I can’t say how it’s changed. I guess I’m speaking more from what it feels like internally for me. I could say, yeah, I’m not using this pedal or that pedal or I hope it’s changed in a way. I think what I’m trying to do is get more to the point. It’s this combination of you trying to accumulate more knowledge, you’re trying to learn more, but at the same time, I’m trying to get really direct with what the point is.  I try not to have anything get in the way of the actual music.

“All the people I play with are basically my teachers. I think of it that way.” Bill Frisell

JGT: Is there a dream project that you’d like to do?

Bill: Again, I’ve been extremely fortunate, it’s been incredible. It blows my mind how lucky I’ve been with my career.  I’m just swimming around in this ocean of music and there have been so many people that I’ve gotten to play with already. I could list a whole bunch of names of famous people but that’s not what it’s about. I’ve gotten to play with a lot of the people that have inspired me to play in the first place. We probably talked about that in our previous interviews. But how did it possibly happen that someone that I heard when I was in high school – then 20 years later I find myself actually hanging out with them and playing music with them, That’s happened a lot. 

And, again, it wasn’t something that I set out to do. I wasn’t determined to play with Ginger Baker. It just happened. So, you know, it’s like that. I just kept following the music and these opportunities would come. I’ve just been so lucky with everyone that I’ve played with. I’m just attracted to hearing someone or finding a teacher. All the people I play with are basically my teachers. I think of it that way. Everyone in my band – the reason I put together a band is to play with musicians I want to be with – I want to figure out what is going on with this person. It’s not like I want them to back me up. I’m attracted to a person because I want to learn what they are doing. And that’s a luxury, you know, to put a band together with all the people that I want to learn from. Embed from Getty Images

JGT: What’s coming up in 2023 for you?

Bill: Well, a lot of traveling, again… I have this new album coming out with a new group. The album’s called Four with Gerald Clayton playing piano, Jonathan Blake and Greg Tardy. I was lucky enough to get them to do the recording – getting everyone in the same place at the same time was very fortunate. I wasn’t sure if we’d actually be able to do live gigs but we have a few things coming up in 2023! And then there are so many different tours with different combinations of all these people that I’ve been playing with over the last few years. 

JGT: That is really, really great news. it’s a great project. Thanks again for your time. We’ll look forward to talking to you down the road.

Bill: Great.
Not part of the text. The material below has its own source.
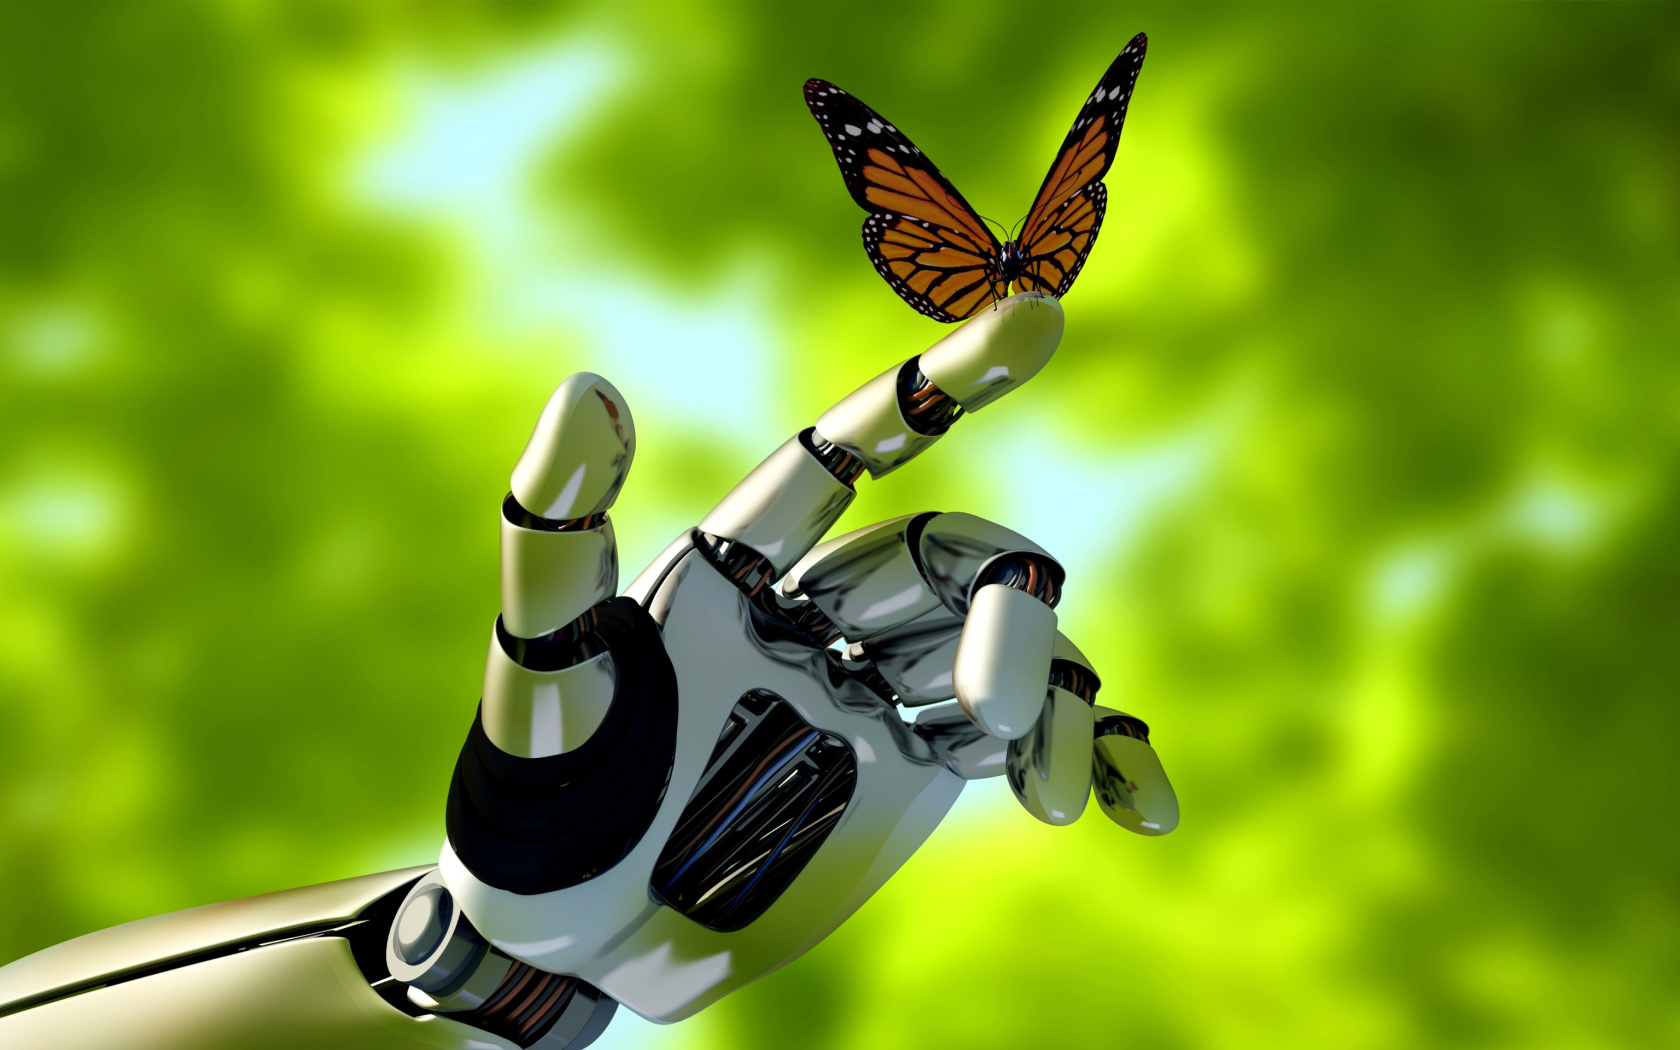 Robot hand and butterfly wallpaper 1680x1050

Thank you so much. 


Exclusive Jazz Guitar Today interview with Bill Frisell from Dec. 2022


“Four” convenes a new line-up of musical friends, independent spirits, and like minds with Gerald Clayton on piano, Johnathan Blake on drums, and longtime collaborator Greg Tardy on saxophone, clarinet, and bass clarinet.
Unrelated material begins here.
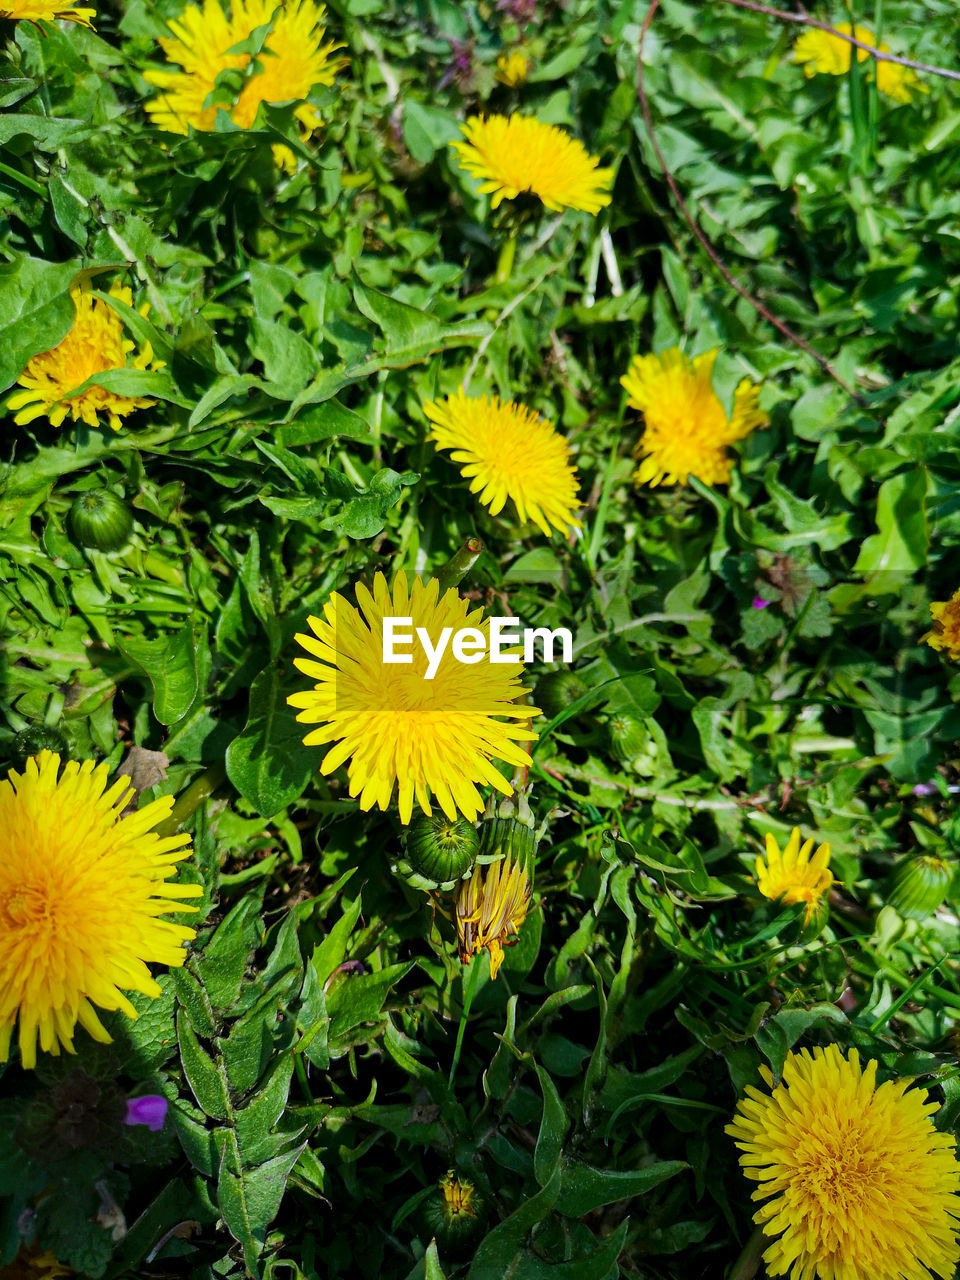 plant, flowering plant, flower, growth, beauty in nature, freshness, yellow, fragility, flower head, green, inflorescence, nature, petal, high angle view, plant part, leaf, day, no people, close-up, wildflower, field, meadow, outdoors, full frame, land, botany, herb, directly above

Latest Bill Frisell album Four, produced by Lee Townsend

During the lockdown, like so many prolific artists, Frisell turned inward. “It was traumatic not to be with people,” he says, “so I picked up my guitar, and my guitar saved me.” For those months, he wrote stacks of melodies and compositional ideas. By the time he scheduled Four’s recording sessions, he’d amassed piles of notebooks filled with fragmented music. Laying little more than a sketch of information before his fellow artists, Frisell encouraged a kind of spontaneous, cooperative orchestration. “Everyone had the information, but it was super open as far as who plays what when,” he says. “Without a bass, it was a little scary, but I wasn’t thinking so much about the instruments. It’s always more about the chemical reaction that’s going to happen.”